Oncology nursing in the Eastern Mediterranean Region: listening to the workforce
Bibliographic record
Abstract
BACKGROUND: Over half the countries in the World Health Organization (WHO) Eastern Mediterranean Region (EMR) are experiencing conflict or are socially fragile, compromising cancer care. Nonetheless, throughout the EMR, competent nurses are major players in the cancer care team. The aim of this paper is to portray the challenges and opportunities for oncology nursing in the EMR. METHODS: This paper draws upon the relevant literature on oncology nursing across EMR with a focus on Afghanistan, Lebanon, Somaliland, and Iran.

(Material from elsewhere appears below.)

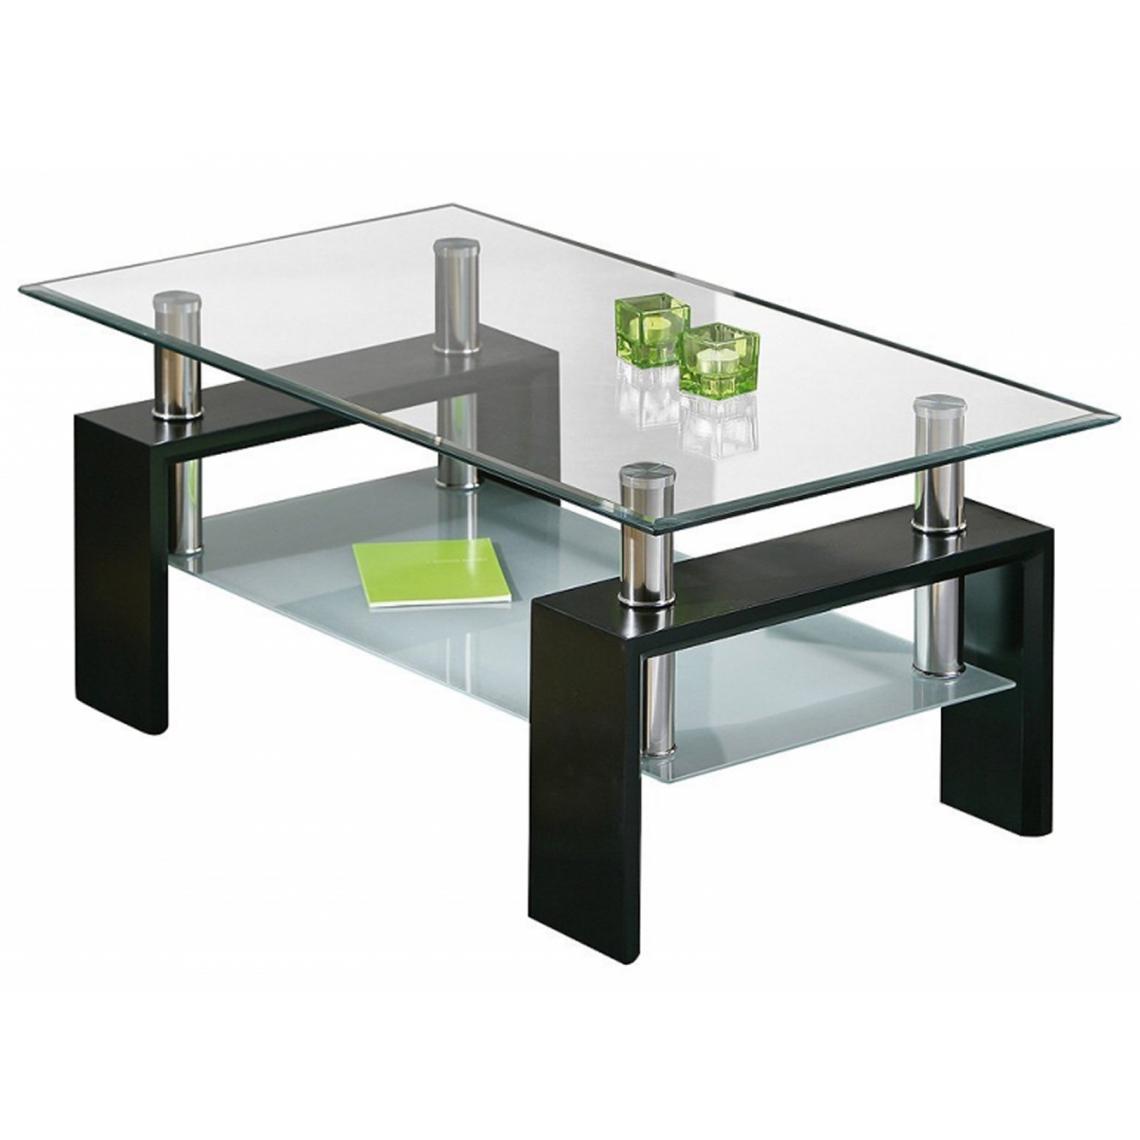 Pegane - Table basse en chrome et verre de sécurit noir - Dim : L100 x H60 x P45 cm - Tables basses

To enhance the scant nursing literature and obtain real-life experiences, short interviews were undertaken with nine nurses and two doctors, personal contacts of the authors, working in cancer care in those countries. RESULTS: Against the general background of vast economic constraints in health services, the lack of recognition of oncology nursing as a speciality and high rates of nurse migration, many oncology nurses in EMR are fighting for professional recognition and some are working under unsafe conditions. Undeterred by these circumstances, nurses are making every effort to care compassionately for people with cancer. CONCLUSIONS: The perspectives of the cancer workforce in EMR both foster an appreciation of cultural diversity and provide the evidence and motivation for oncology nurses worldwide to further collaborate via global nursing organisations to strive for country-specific recognition and change in nursing practice.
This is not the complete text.